Wieviel Bewegung braucht ein Welpe? Die 5-Minuten-Regel und Anzeichen für Überlastung
Hallo, ich bin Sabine Reincke. „Mein Welpe dreht abends völlig durch, ich glaube, der war heute nicht lange genug draußen.“ Diesen Satz höre ich fast täglich. Und fast immer ist meine Antwort: „Nein, er war wahrscheinlich zu lange draußen.“
Es klingt paradox: Ein Welpe, der zu viel erlebt hat, fällt nicht ins Koma, sondern wird zum hyperaktiven Schnapp-Krokodil. Er ist „drüber“, wie ein übermüdetes Kleinkind. Zudem riskieren Sie mit Gewaltmärschen die Gesundheit seiner Knochen. In diesem Artikel lernen Sie die wichtigste Formel für das erste Jahr kennen – und warum weniger oft mehr ist.
⚡ Das Wichtigste in Kürze
- Die 5-Minuten-Regel: Pro Lebensmonat darf der Welpe ca. 5 Minuten am Stück spazieren gehen (z.B. 3 Monate = 15 Minuten).

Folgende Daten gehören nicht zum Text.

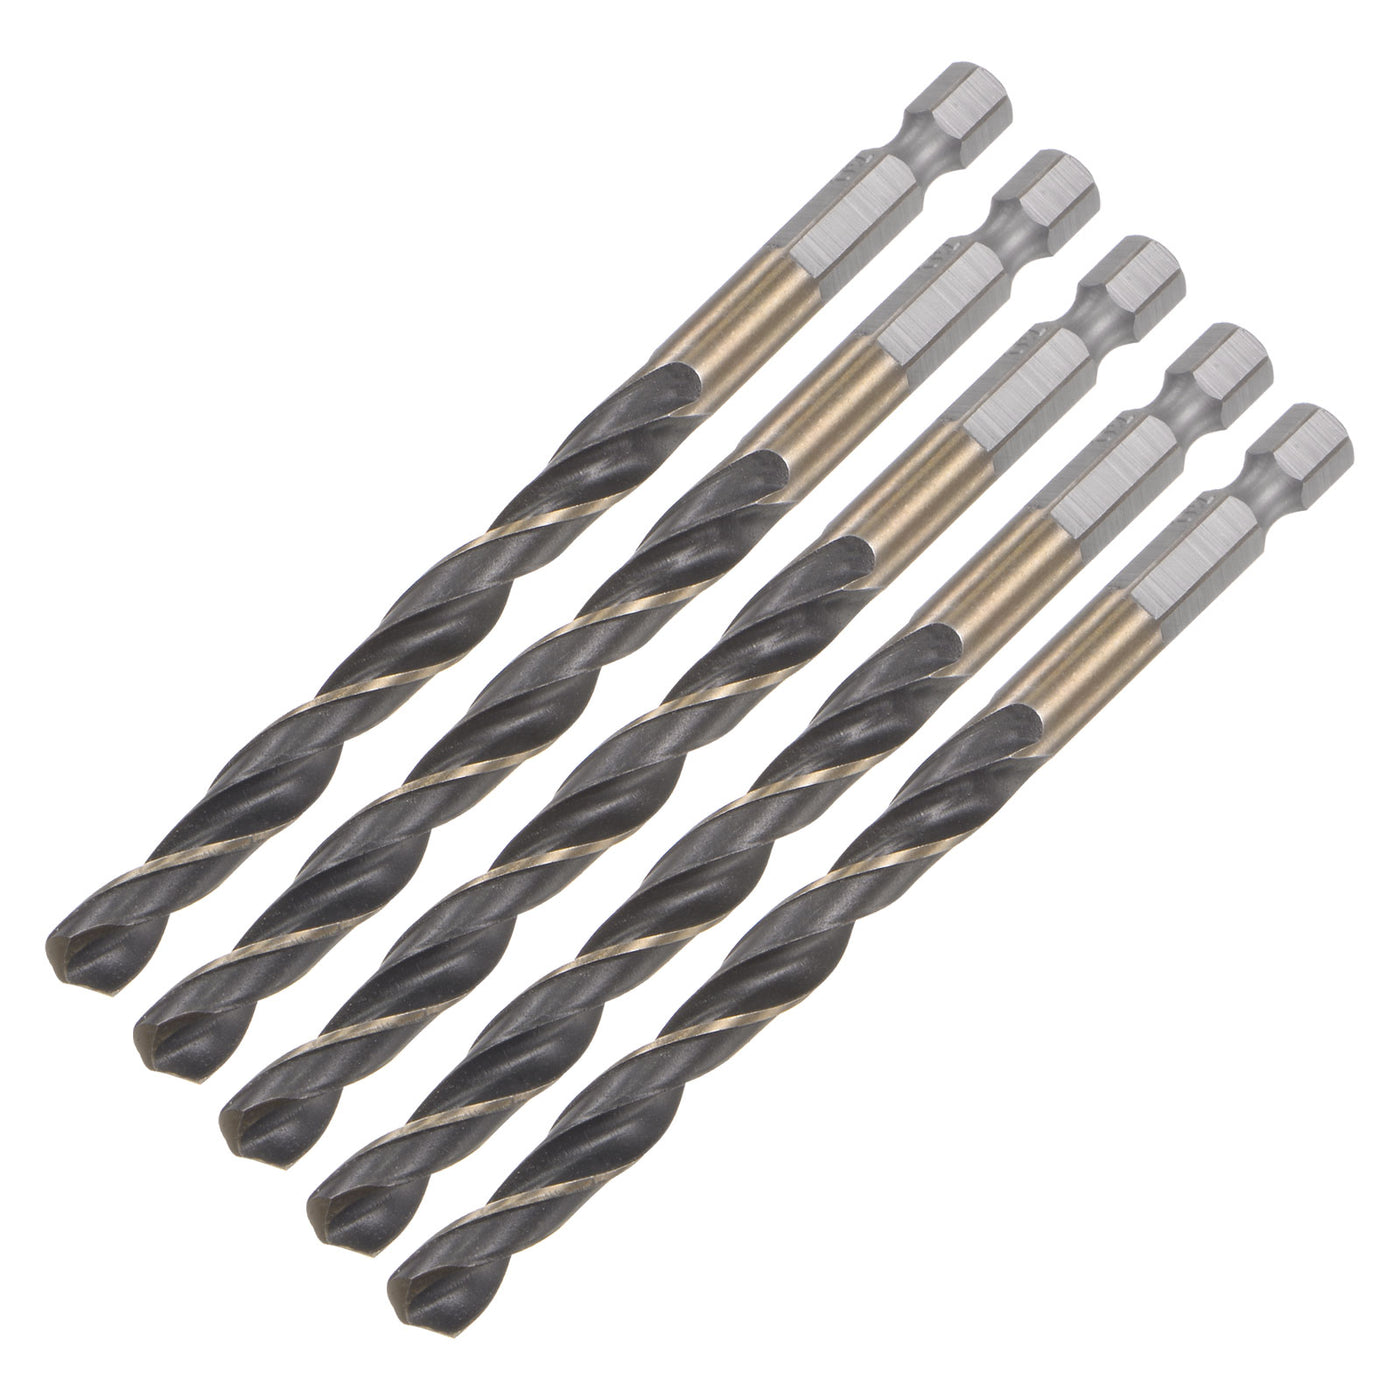 uxcell Uxcell 5Pcs 7mm High Speed Steel Twist Drill Bit with Hex Shank 105mm Length
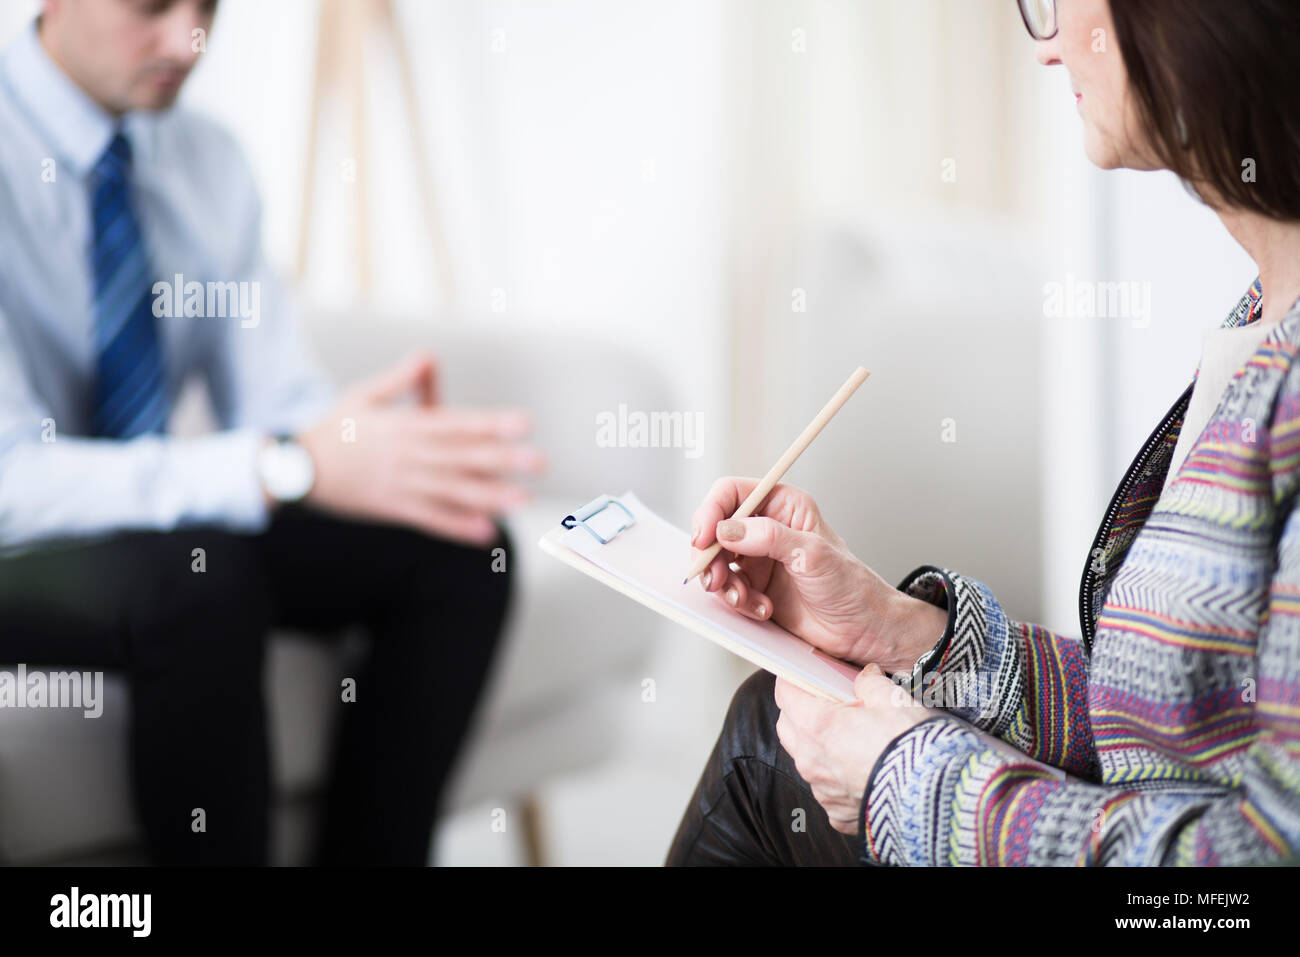 Elder therapist writing down notes during a conversation with her patient Stock Photo

- Qualität vor Quantität: Schnüffeln und Welt erkunden ist anstrengender als stures Laufen.
- Warnsignale: Beißt der Welpe nach dem Spaziergang in die Leine oder rennt wild durch die Wohnung, war es zu viel (Stressabbau).
- Kontext: Wie Sie ihn kopfmäßig auslasten, ohne die Gelenke zu belasten, lesen Sie im Artikel Welpen-Beschäftigung und im Welpen-Guide.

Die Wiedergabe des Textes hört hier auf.